Hi, I'm trying to create a program that will read dates and holidays like this:
April fools 1/4/
Passover 3/26/2013
But when I write code to put them into a vector it outputs 0.
I want the date to be a single variable, and I want to associate it with the name of the holiday that goes with this.
I'm not sure why you're trying to convert your string to an integer there.
Generally, when reading files, you'll either have a delimiter that separates fields or have a fixed length record so that you can extract from the byte position. Your current file format makes it different as the only discernible delimiter there would be a space character and there's different numbers of those in different lines (two in the April Fools line, one in the Passover line).
Yes, but April fools and New Years etc are a recurring yearly event, on the same day.
Whereas the Passover dates change between years so I had to specify the 2013 individually. There is also another date for Passover that relates to 2014 but isn't the same day/month as 2013.
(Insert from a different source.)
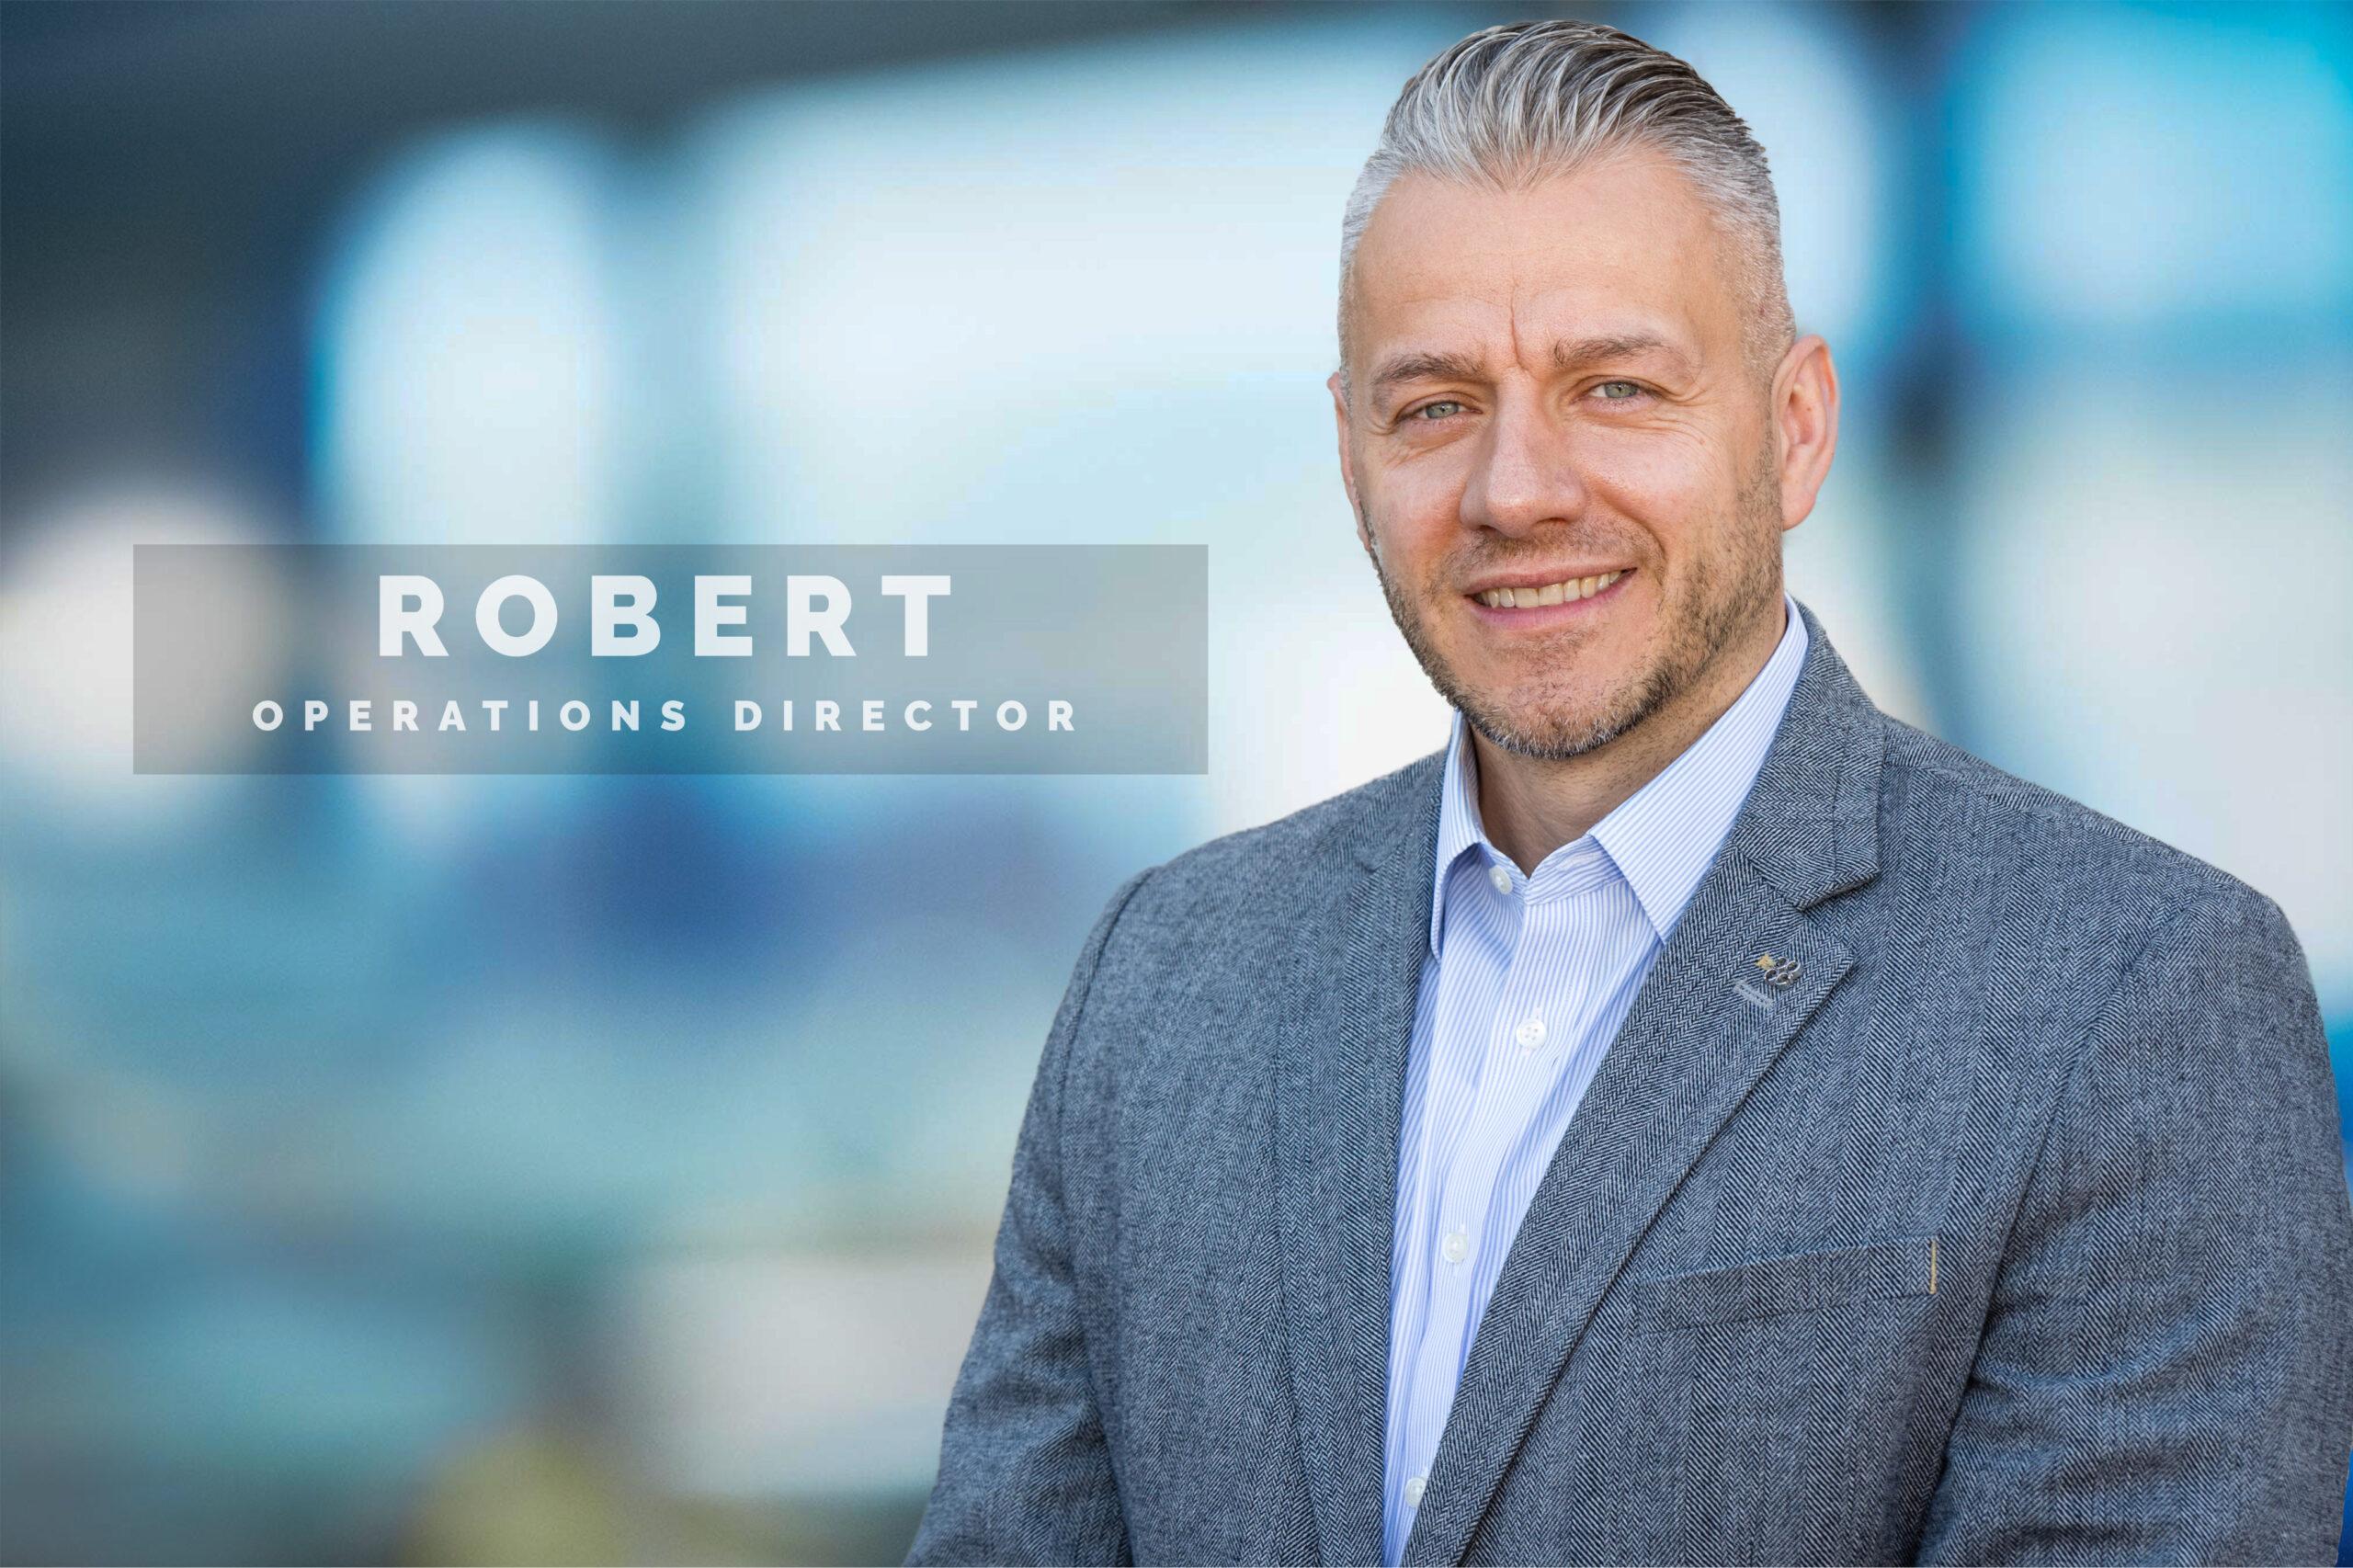 Robert - Operations Director

Essentially, I don't know what to do for the annual events without specifying them every year.
@EssGeEich You are correct that was my mistake. Thank you
I took your suggestion, but any number at the top of my .txt file 10 or bigger outputs my last line.
Any number at the top smaller than that outputs nothing.
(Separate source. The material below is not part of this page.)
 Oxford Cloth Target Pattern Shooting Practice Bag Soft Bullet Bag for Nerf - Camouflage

I have 10 lines by the way.
If you use a space ' ' to terminate your fields, then you will not be able to have "April Fools" and "1/4/2013" - you will get Holiday: April - Date: Fools. I would store the data in the file delimited by commas or some other symbol.
Also you have to getline(fin, line) in some sort of loop. For example, try this code:
@rcast You are wonderful, I took your suggestion using commas.
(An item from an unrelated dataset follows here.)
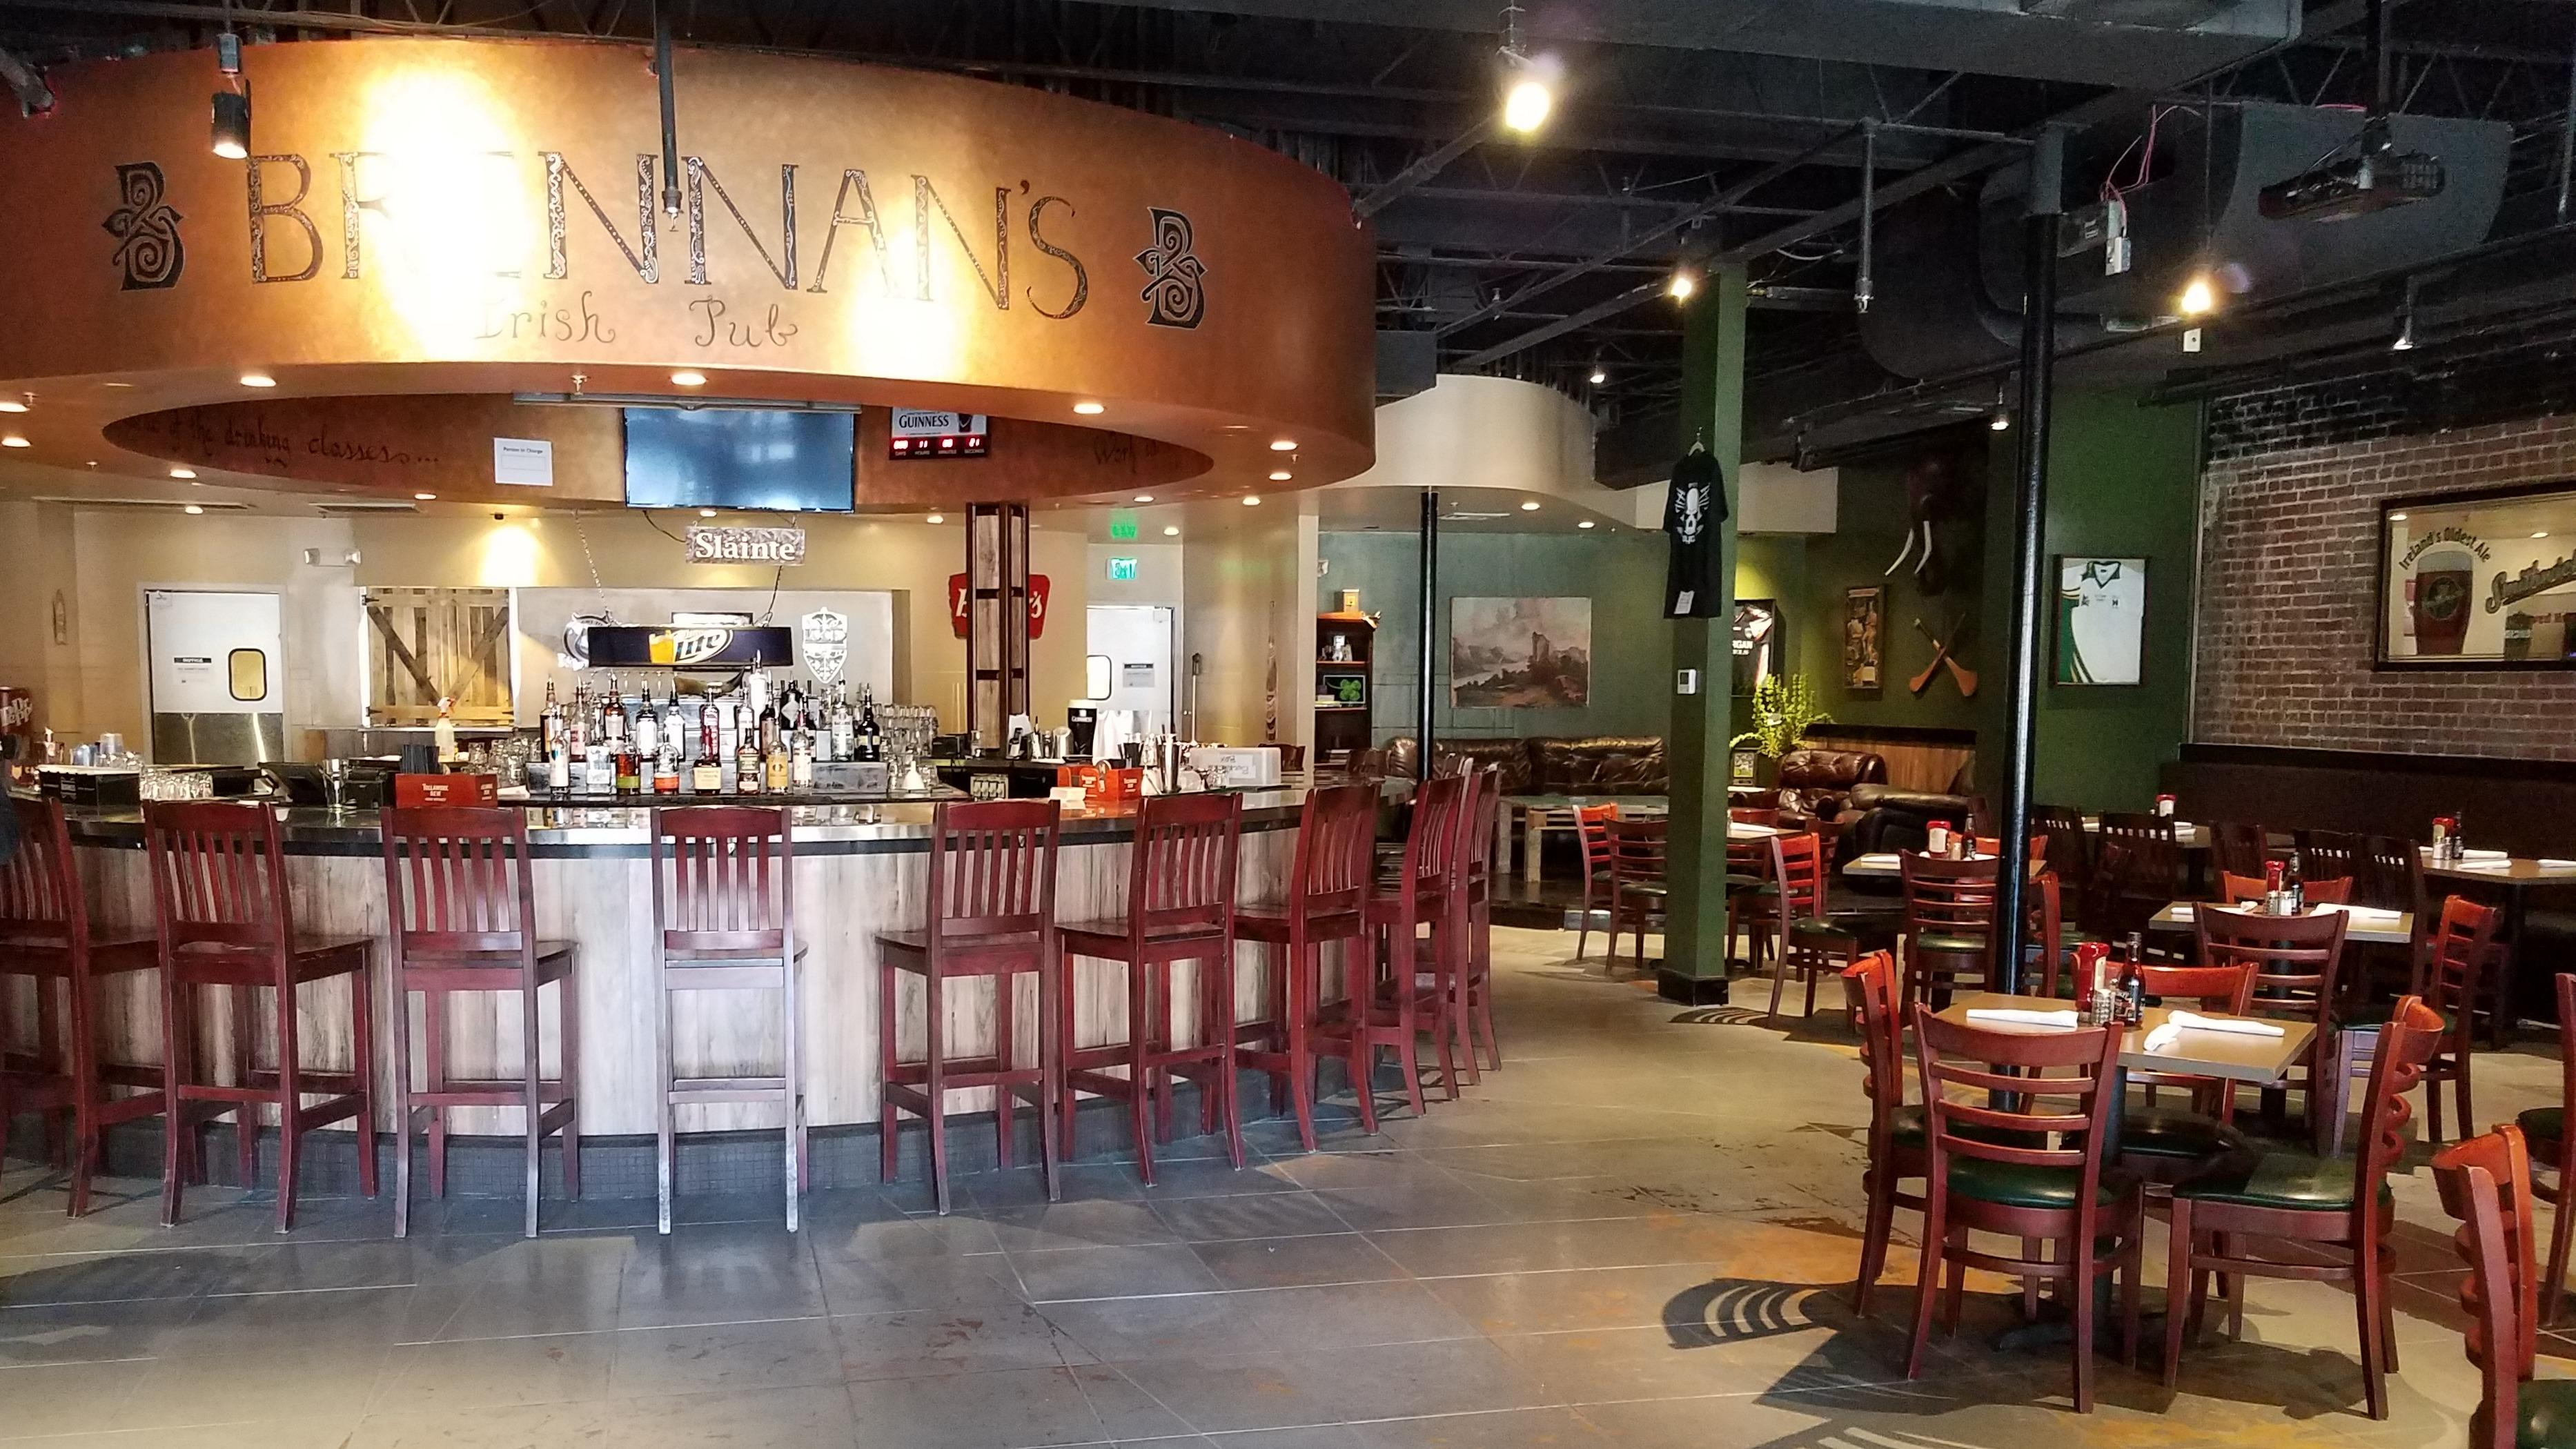 American Express Near Me >> Brennan's Irish Pub Coupons near me in Birmingham, AL 35205 | 8coupons

But how would I output this in a way that the dates are ints, but still associated to the holiday name?
This is the part that really has me frazzled, and I'm sure it's easy but I am a noob.
EDIT* I reread your last post, you said how can you output them as ints. Well the code below saves them as ints... If you want to only output them as ints just use date = atoi(line.c_str()); or something to that nature on line when it will be populated with the date and that will turn date into a int.
When using this method, make sure your events.txt file is in the following format:
1 2 3
April Fools,04,01,2013,
Christmas,12,25,2013,
Halloween,10,31,2013
With a comma at the end of every line but the last line, and dates seperated by commas as well as in XX/XX/XXXX format.
#include <fstream>
#include <iostream>
#include <vector>
#include <sstream>
#include <string>
usingnamespace std;
int main()
{
string holiday;
int date;
int i = 0;
vector< string > holidays;
vector< int > dates;
ifstream fin;
fin.open("events.txt");
if (fin.is_open())
{
while (fin.good())
{
getline(fin, holiday, ',');
if ( i == 0 )
{
holidays.push_back(holiday);
} else {
date = atoi(holiday.c_str());
dates.push_back(date);
}
if ( i == 3 ) {
i = 0;
} else {
i++;
}
}
fin.close();
}
for (int n=0; n<holidays.size(); n++)
{
cout << endl << holidays[n] << endl;
for (staticint x=0; x<dates.size(); x++)
{
cout << dates[x] << "/";
x++;
cout << dates[x] << "/";
x++;
cout << dates[x]<< endl;
x++;
break;
}
}
return 0;
}
This saves month day and year in separate vectors though. If you want to make it save the entire date in one vector element just make the date one number without commas (i.e. 12252013) in the file and make the condition test for if ( i == 1 ) instead and remove the last 2 combinations of cout << date[x] <<.. and x++;
@rcast Yes thank you that's exactly what I needed to see!
That's pretty much solved my problem, now I just need to do a little manipulation of the output, but I'm positive I can handle that. Thanks guys!
One more thing on a scale of 1-100 how difficult was my question? 1 being easy and 100 really hard
I am using it as a way to evaluate how bad my knowledge is of c++. Thanks.
Personally, it was around 10 or less for me.
I just didn't want to spoil anything, but I'd do that in less than a hour errorlessly and without forcing you to use commas.
Even without forcing you to update the first line (that contains how many entries are in the file).
Also @rcast:
Never rely on ifstream::good.
Rely on the return value of getline, instead.